AI Image Generation Bot Implementation in Mobile Applications
Image generation on mobile — always server-side task. Stable Diffusion on device technically possible on modern iPhone (Core ML) and flagship Android, but 30–60 second generation time and overheating make it unsuitable for production app. Work through API.
Choosing Generative Model
DALL-E 3 (OpenAI). Understands complex text descriptions well, strictly follows prompt. Fixed prices per image. High quality, especially for realistic scenes and illustrations. Limitation: cannot create portraits of real people, strict moderation.
Stable Diffusion via Replicate / Modal / Runpod. Open-source model, runs on rented GPU. Huge flexibility: LoRA adapters for stylization, ControlNet for composition control, inpainting. Cheaper than DALL-E on large volumes. Models: SDXL, Flux.1, SD 3.5.
Midjourney API. No official API — only via unofficial wrapper or Discord integration. Not recommended for production due to instability.
Ideogram / Recraft. Good at text in images (logos, posters) — DALL-E and SD traditionally struggle with this.
Asynchronous Generation: Mandatory Pattern
Generation takes 3–15 seconds depending on model and complexity. Mobile client cannot keep HTTP connection open — network timeout or app backgrounding will interrupt request.
Correct pattern: polling or WebSocket.
Polling:
POST /generate → { "task_id": "abc123", "status": "queued" }
GET /tasks/abc123 → { "status": "processing", "progress": 40 }
GET /tasks/abc123 → { "status": "done", "image_url": "..." }
WebSocket / SSE: server pushes updates as ready.
On Android — WorkManager for background requests with polling, so generation continues even if user backgrounds app. On iOS — URLSession background configuration.
// iOS: background download of result
let config = URLSessionConfiguration.background(withIdentifier: "image.generation")
let session = URLSession(configuration: config, delegate: self, delegateQueue: nil)
func pollTaskStatus(taskId: String) {
var components = URLComponents(string: "\(baseURL)/tasks/\(taskId)")!
let task = session.dataTask(with: components.url!) { [weak self] data, _, _ in
guard let result = try? JSONDecoder().decode(GenerationTask.self, from: data!) else { return }
if result.status == "done" {
self?.downloadAndDisplay(url: result.imageUrl!)
} else {
DispatchQueue.main.asyncAfter(deadline: .now() + 2) {
self?.pollTaskStatus(taskId: taskId)
}
}
}
task.resume()
}
Prompt Engineering in Mobile Bot
Mobile app users write short requests: "draw a cat," "logo for coffee shop." These are poor prompts for generation. Bot should enrich them before sending to model.
Two approaches:
LLM prompt enhancement. GPT-4o mini takes user request and transforms into detailed prompt with style, lighting, mood details.
PROMPT_ENHANCER = """
You help improve prompts for image generation.
Take a brief description and expand it into detailed prompt.

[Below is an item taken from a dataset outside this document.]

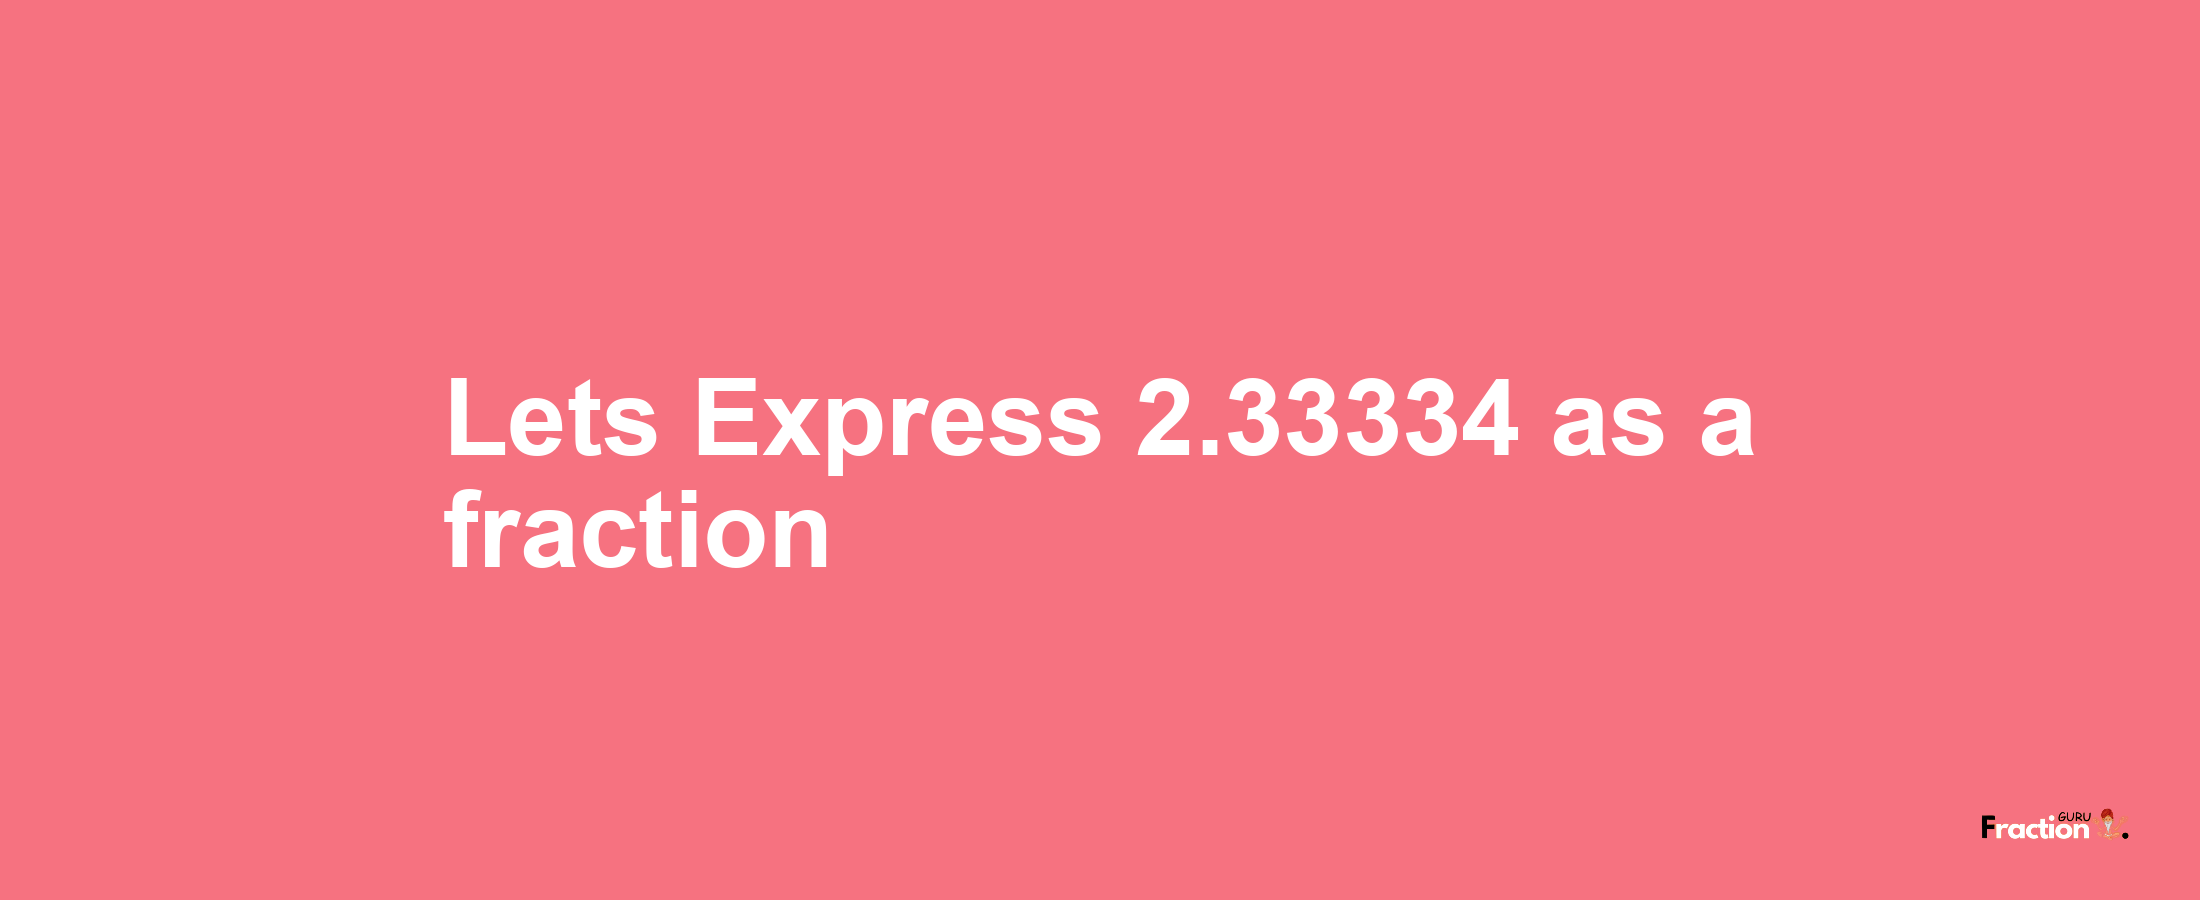 Lets Express 2.33334 as afraction

Add style, lighting, mood. Answer only in English —
that is Stable Diffusion language.
Maximum 200 words.
"""
Parametric UI. User selects style (realism / anime / oil / watercolor) via buttons, then writes description. Style is added to prompt programmatically. Simpler, more predictable.

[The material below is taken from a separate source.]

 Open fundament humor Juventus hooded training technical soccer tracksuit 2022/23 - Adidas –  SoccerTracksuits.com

Negative Prompt and Moderation
For Stable Diffusion negative prompt reduces artifacts. Base: blurry, low quality, deformed, extra limbs, watermark. For children/family apps add content filtering to negative prompt and safety checker server-side.
Before sending user request — OpenAI Moderation API or custom filter. Rejected requests logged.
Generation UI
Generation process should be visually interesting, not just spinner:
- Animated placeholder as progressbar or shimmer effect
- Show stages: "Analyzing request → Generating → Processing"
- After ready — smooth image appearance (fade in / reveal animation)
Result: buttons "Download," "Share," "Generate Again," "Edit Prompt." Gallery of previous generations in session.
Variations and Editing
DALL-E 3 supports inpainting — replacing part of image. Stable Diffusion via img2img allows iteration on base image. For mobile UI this means area selection tool (mask) over image — like eraser.
Implementation Process
Choose generative API for task and app style.
Backend: task queue, asynchronous generation, result storage.
Prompt enrichment via LLM.
Mobile UI with progress animation and gallery.
Test with real user requests, tune moderation.
Timeline Estimates
Basic bot with DALL-E 3 / Replicate API — 1 week. With style variation, img2img, prompt engineering and gallery — 3–4 weeks.